2. Come ben sapete, la Chiesa stessa è “un movimento”. E, soprattutto, è un mistero: il mistero dell’eterno “Amore” del Padre, del suo cuore paterno, dal quale prendono inizio la missione del Figlio e la missione dello Spirito Santo. La Chiesa nata da questa missione si trova “in statu missionis”. Essa è un “movimento” che penetra nei cuori e nelle coscienze. È un “movimento”, che si iscrive nella storia dell’uomo-persona e delle comunità umane.

I “movimenti” nella Chiesa devono rispecchiare in sé il mistero di quell’“amore”, da cui essa è nata e continuamente nasce. I vari “movimenti” devono vivere la pienezza della Vita trasmessa all’uomo come dono del Padre in Gesù Cristo per opera dello Spirito Santo. Devono realizzare in ogni pienezza possibile la missione sacerdotale, profetica e regale di Cristo, la quale è partecipata da tutto il Popolo di Dio.
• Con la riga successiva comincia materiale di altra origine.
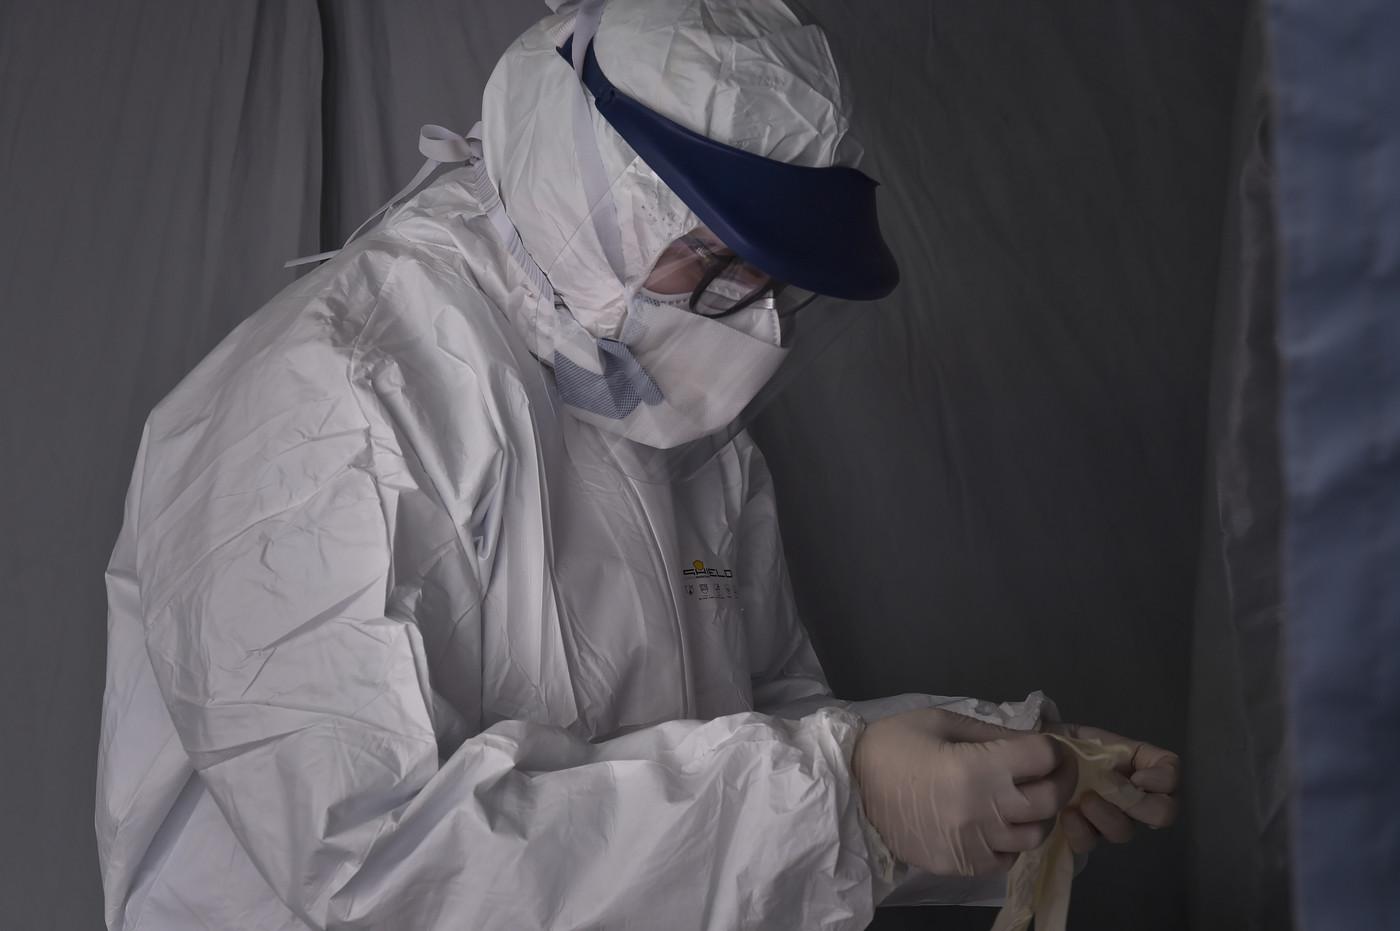 Coronavirus, nel mondo più di 60mila morti per la pandemia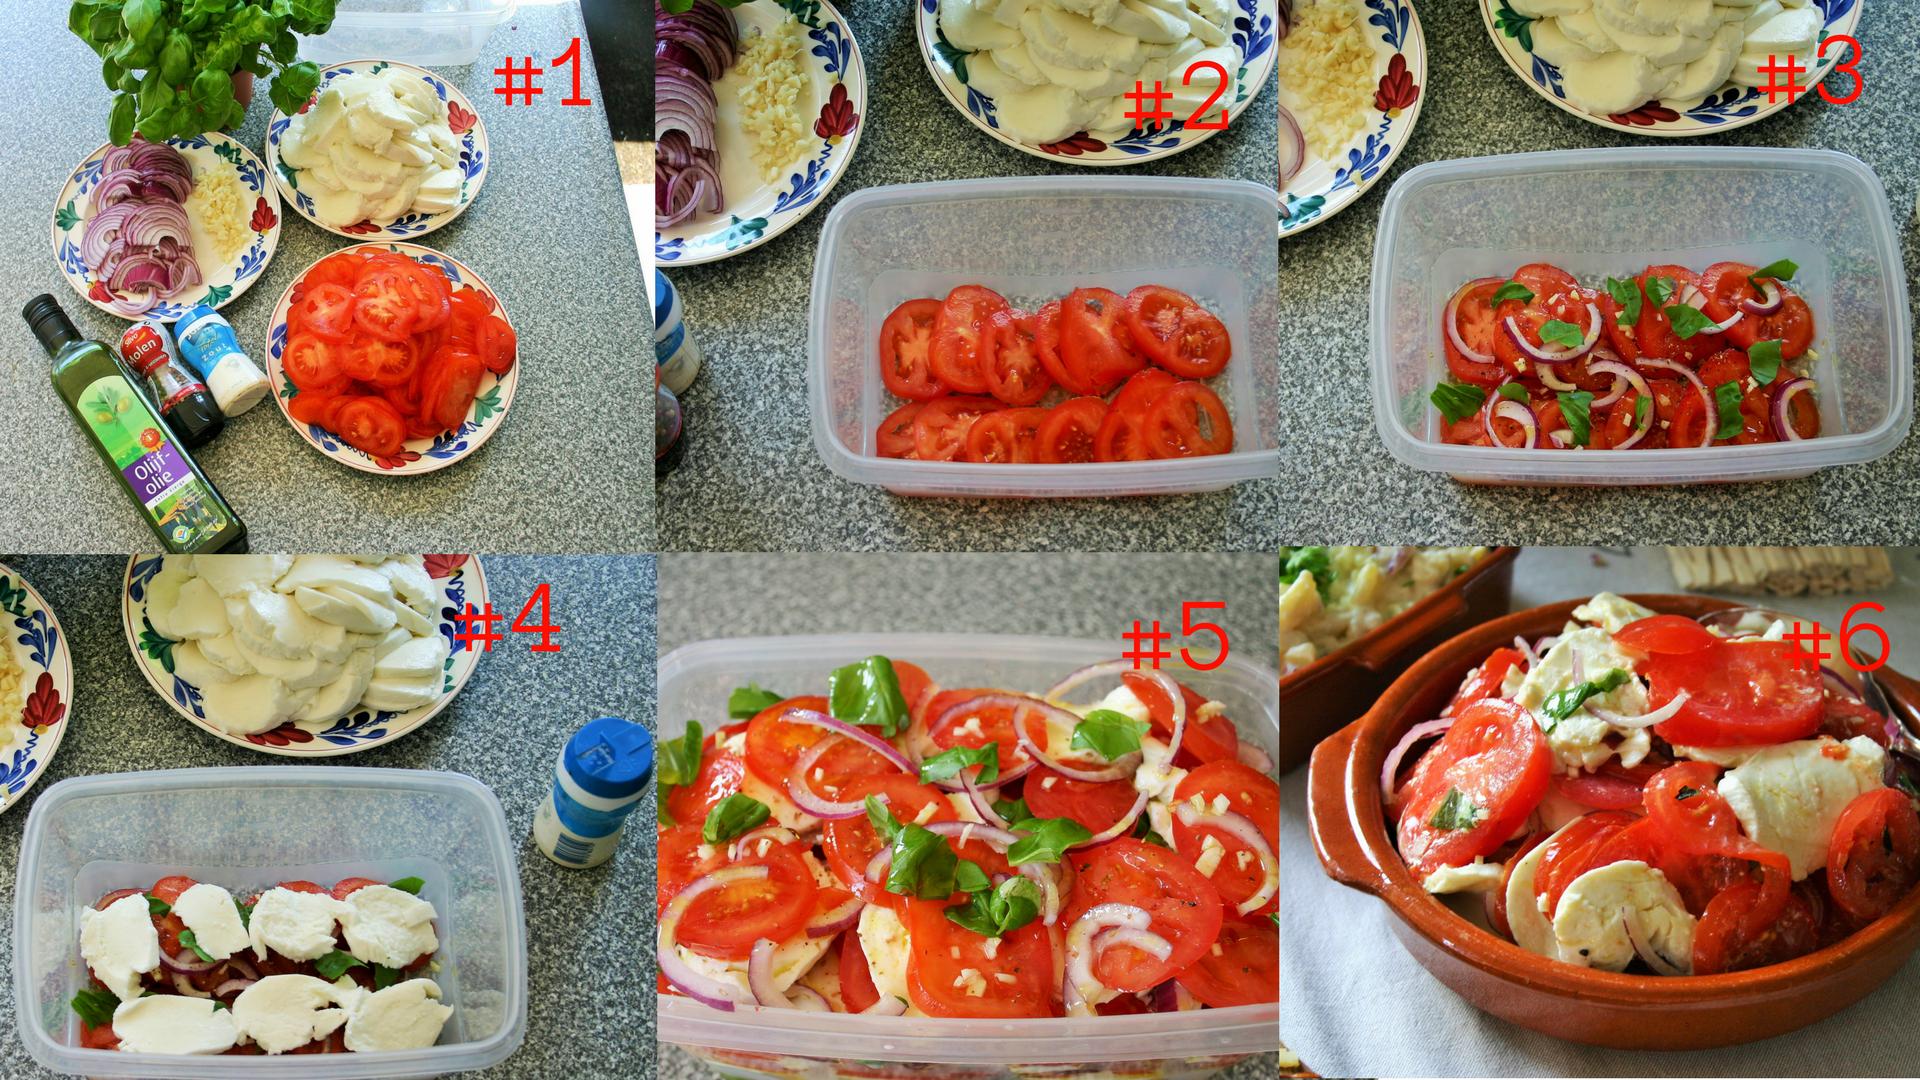 en basilicum - tapasfeestje - camping recept - BBQ salade - Mels Feestje

3. I “movimenti” nel seno della Chiesa-Popolo di Dio esprimono quel molteplice movimento, che è la risposta dell’uomo alla Rivelazione, al Vangelo: il movimento verso lo stesso Dio Vivente, che tanto si e avvicinato all’uomo; il movimento verso il proprio intimo, verso la propria coscienza e verso il proprio cuore, il quale nell’incontro con Dio svela la profondità che gli è propria; il movimento verso gli uomini, nostri fratelli e sorelle, che Cristo mette sulla strada della nostra vita; il movimento verso il mondo, che aspetta incessantemente in sé “la rivelazione dei figli di Dio” (Rm 8,19).

La dimensione sostanziale del movimento in ciascuna delle direzioni sopra menzionate è l’amore: “l’amore di Dio è stato riversato nei nostri cuori per mezzo dello Spirito Santo che ci è stato dato” (Rm 5,5).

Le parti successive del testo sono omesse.